■ PROBLEM TO SOLVE: After locating the line that holds "L'opposizione in Consiglio", copy that line and all that follow it word for word through the end of the data, with no pictures.

■ PROVIDED DATA:

-------

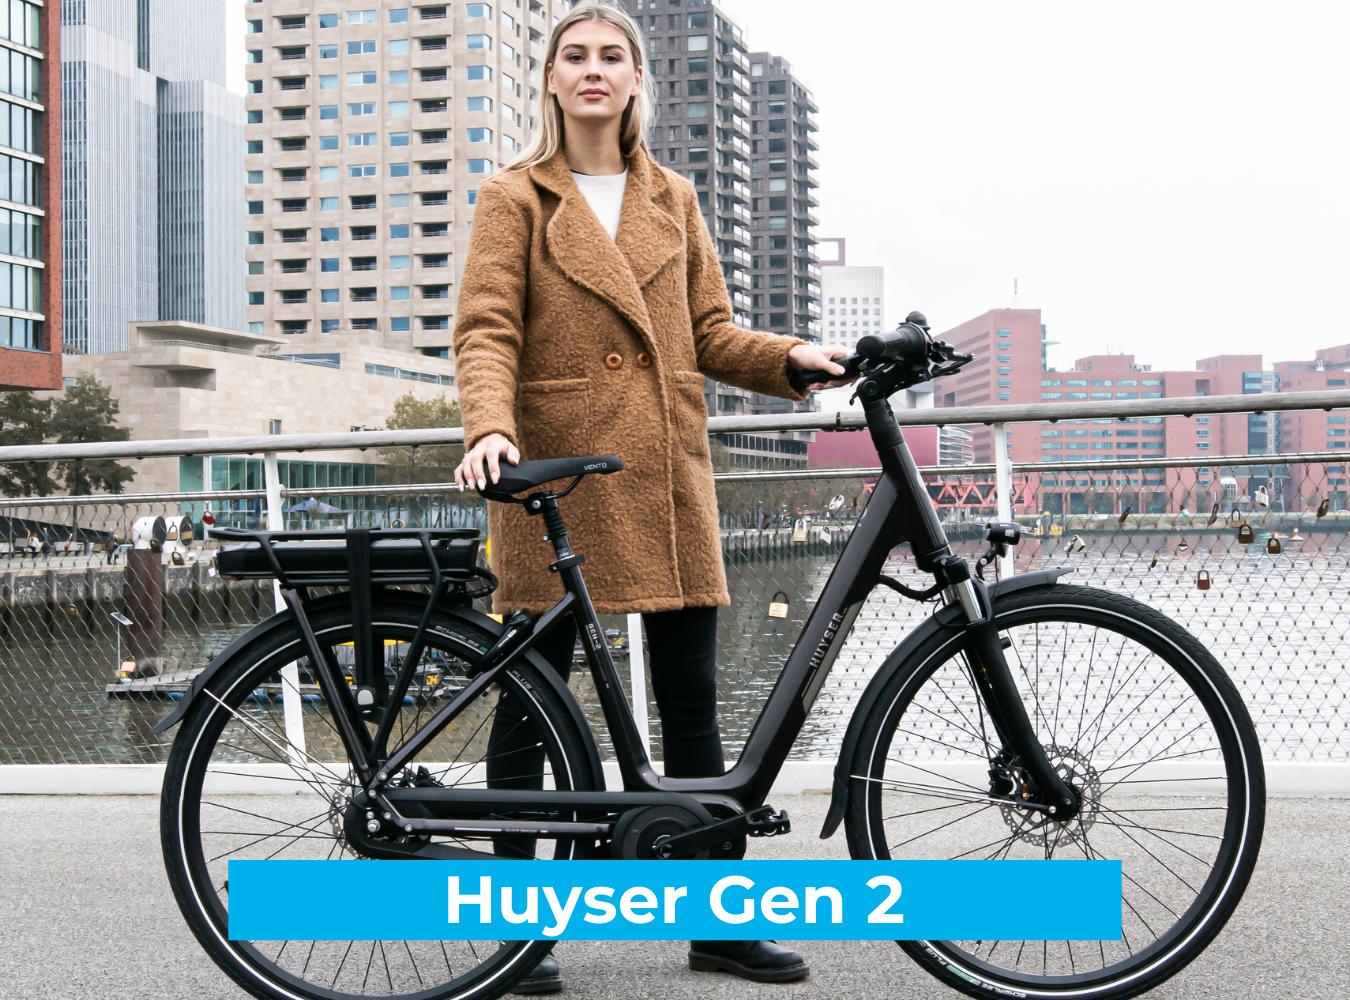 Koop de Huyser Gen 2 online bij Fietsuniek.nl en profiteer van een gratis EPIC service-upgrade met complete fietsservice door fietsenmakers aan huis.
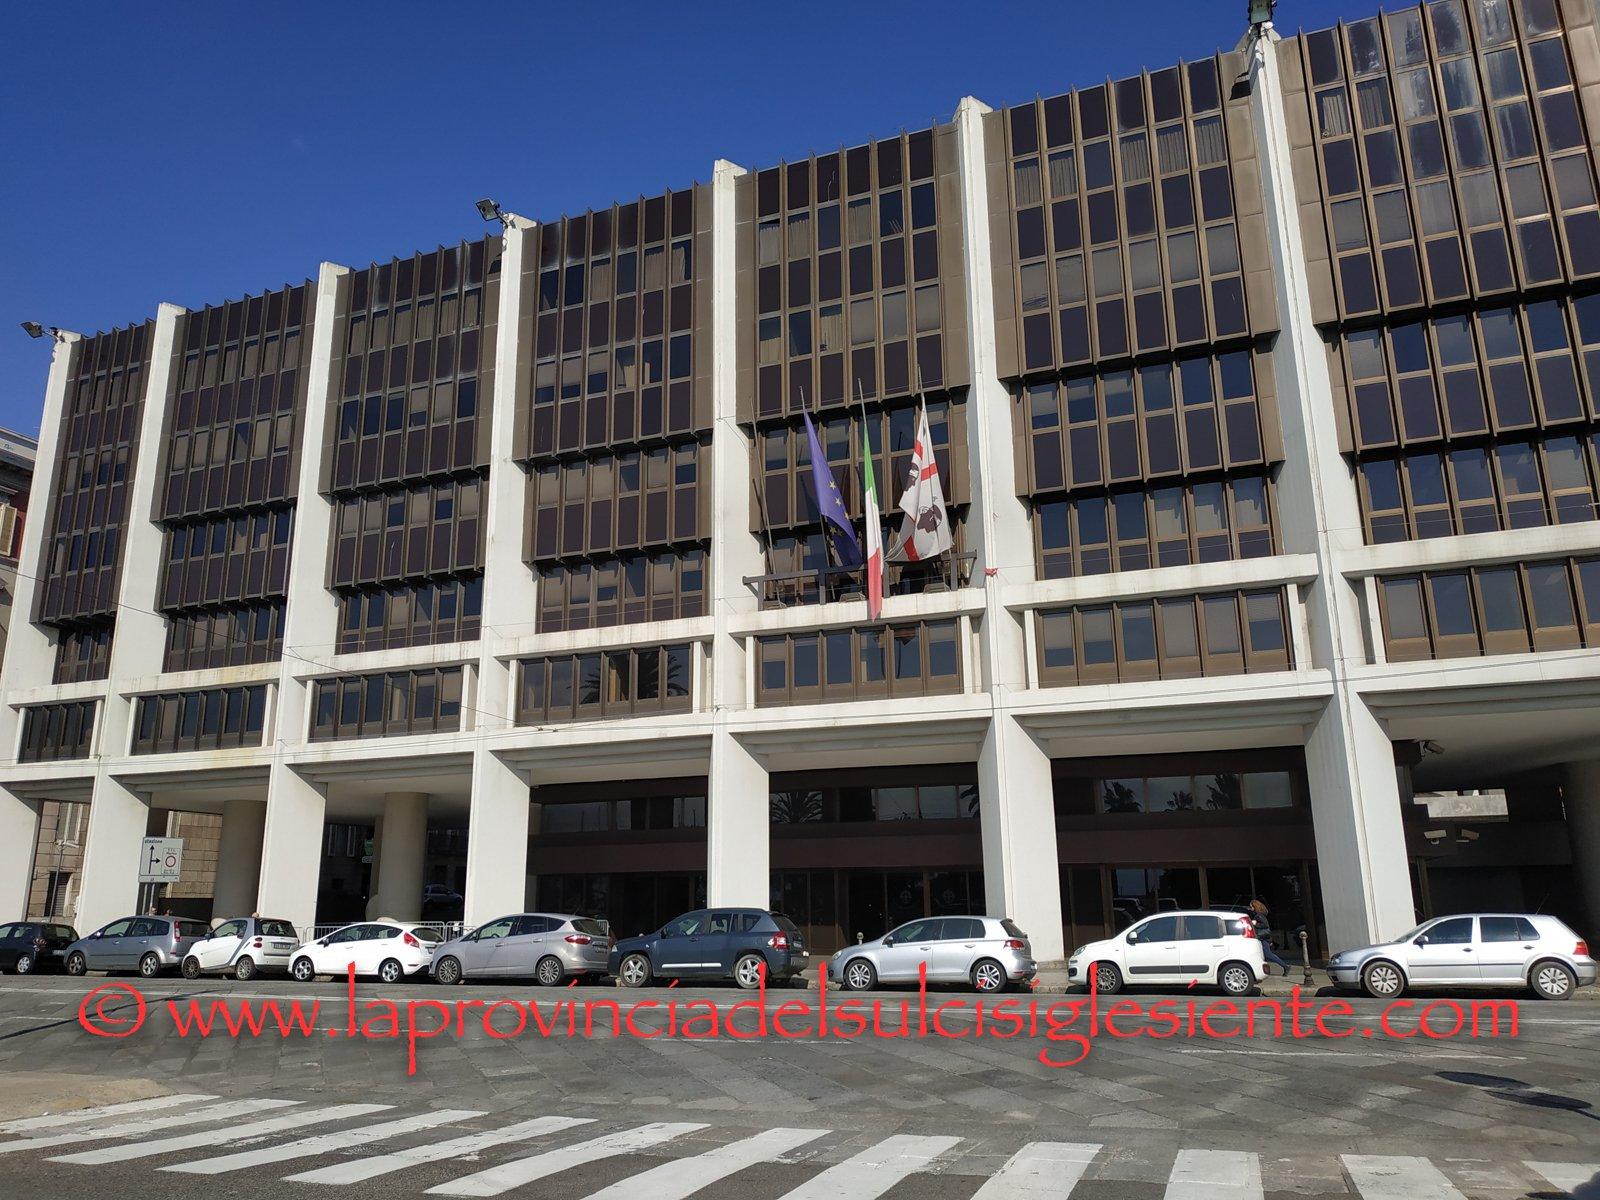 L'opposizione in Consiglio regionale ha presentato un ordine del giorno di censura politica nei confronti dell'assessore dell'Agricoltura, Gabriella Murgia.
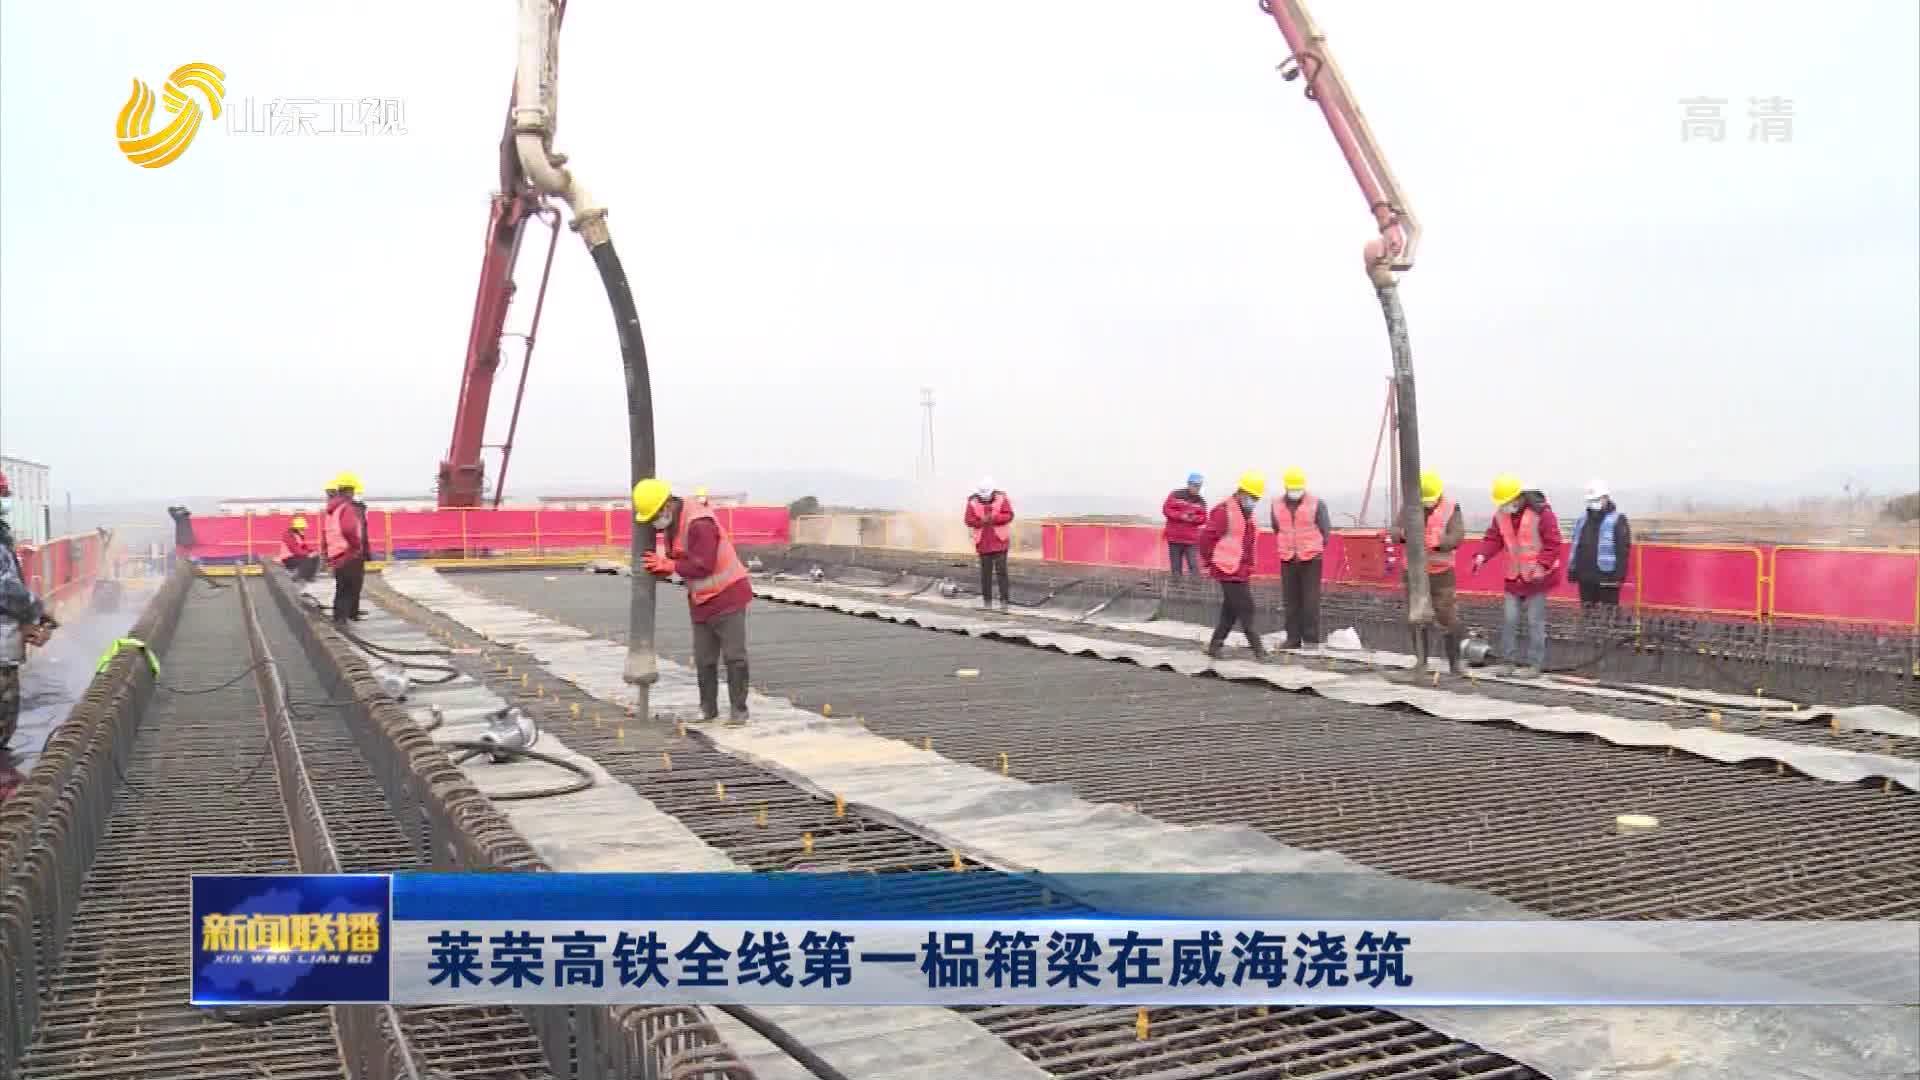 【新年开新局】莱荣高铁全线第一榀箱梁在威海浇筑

-------

■ RESPONSE FOR THIS EXERCISE:
 L'opposizione in Consiglio regionale ha presentato un ordine del giorno di censura politica nei confronti dell'assessore dell'Agricoltura, Gabriella Murgia.
 【新年开新局】莱荣高铁全线第一榀箱梁在威海浇筑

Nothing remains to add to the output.